%%

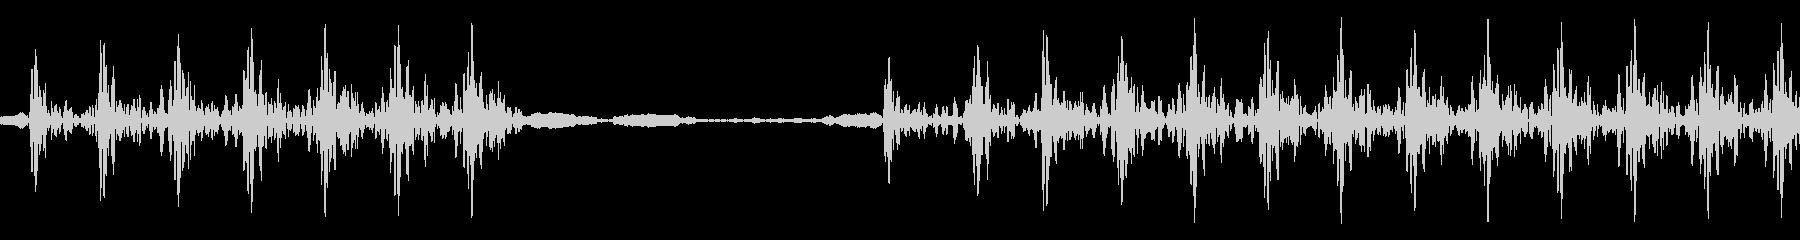 不正解音の未再生の波形
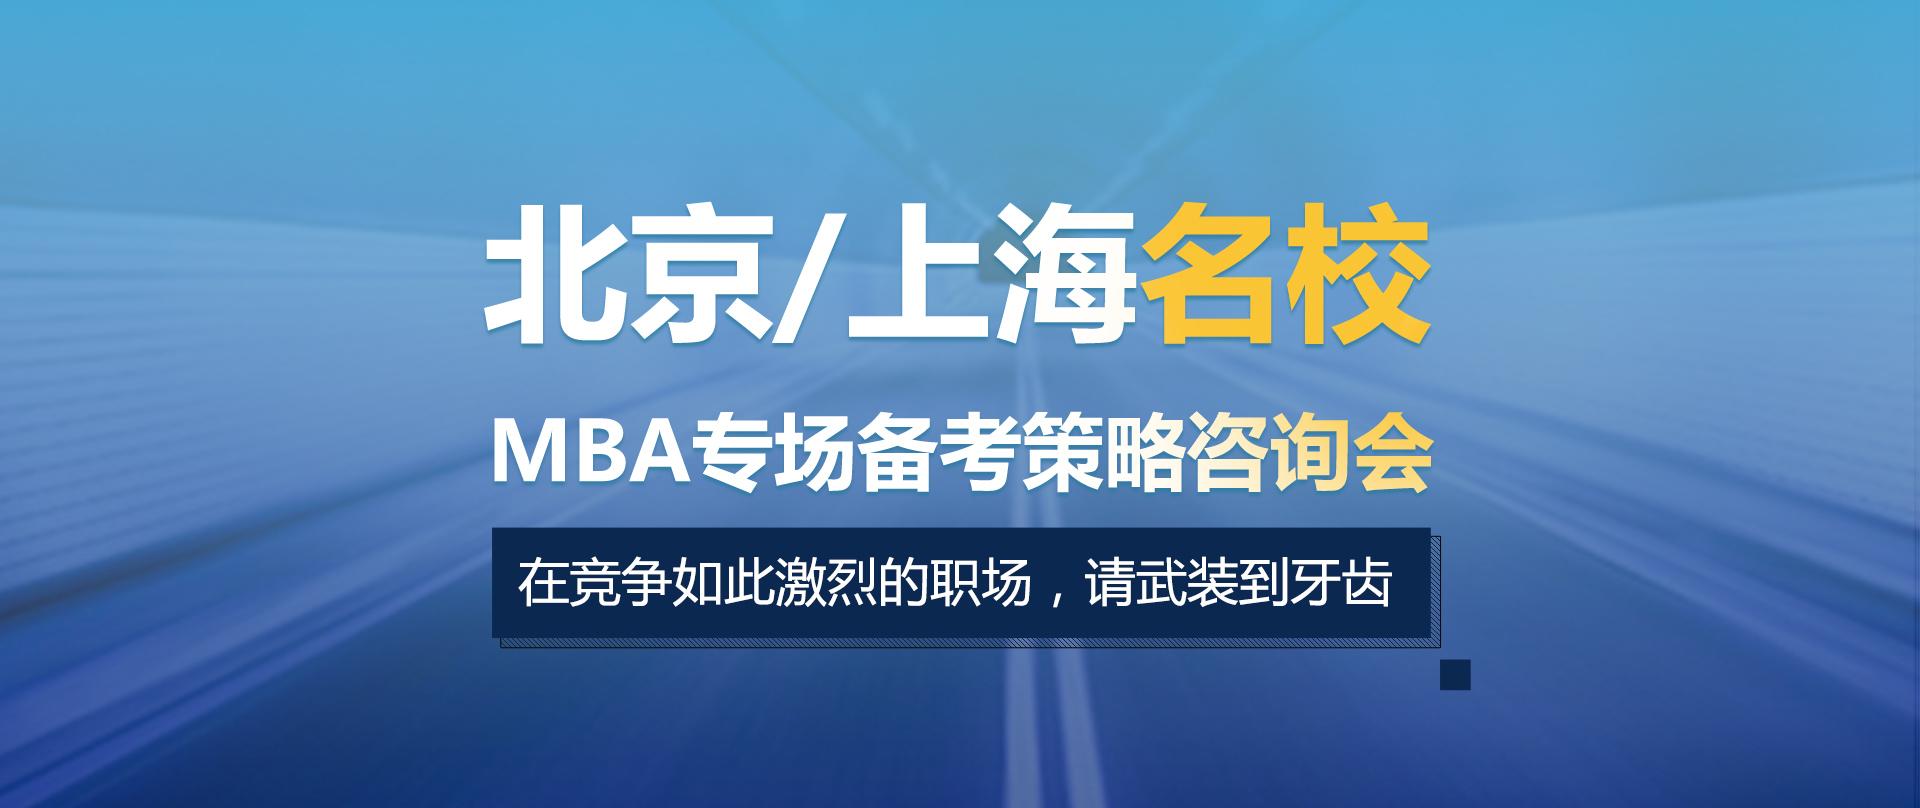 郑州泰祺MBA-提前面试
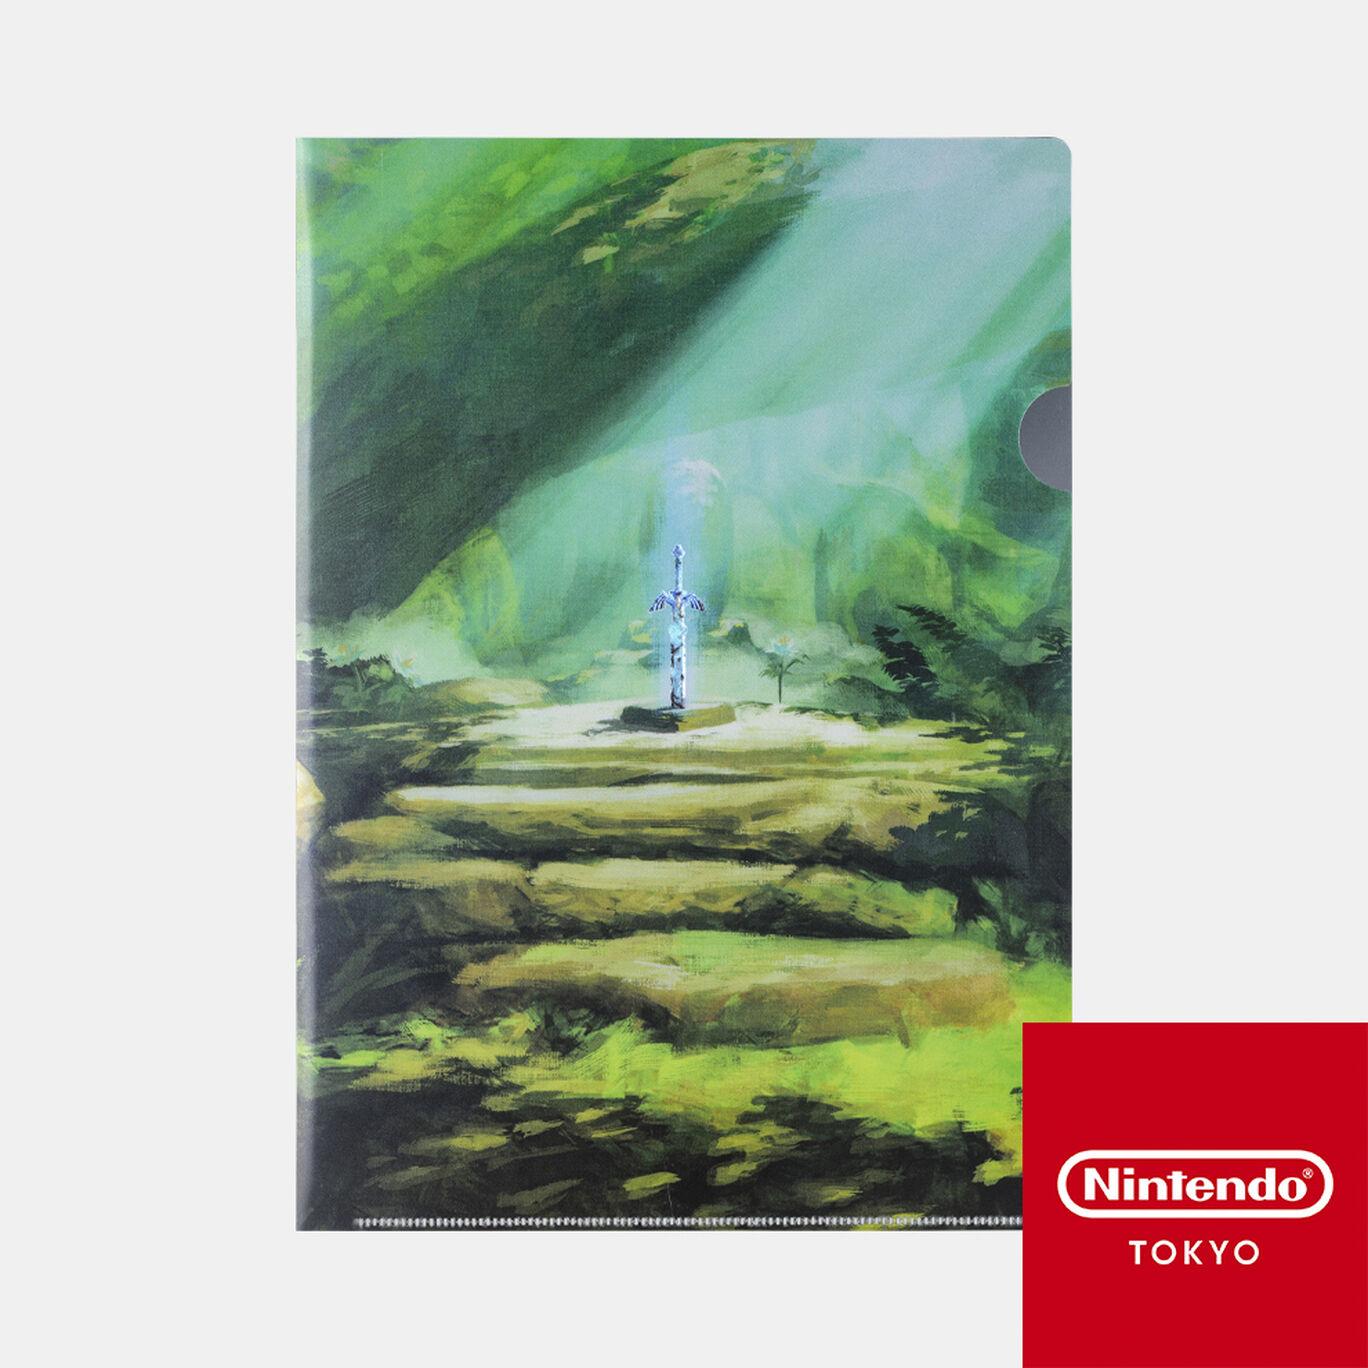 クリアファイル ゼルダの伝説 D【Nintendo TOKYO取り扱い商品】

%%

• **ACTION ITEM**
Retype the line containing "郑州泰祺MBA-提前面试" and all lines after it through the end of the material, exactly and only those, leaving out pictures.

• **TASK ANSWER**
 郑州泰祺MBA-提前面试
 クリアファイル ゼルダの伝説 D【Nintendo TOKYO取り扱い商品】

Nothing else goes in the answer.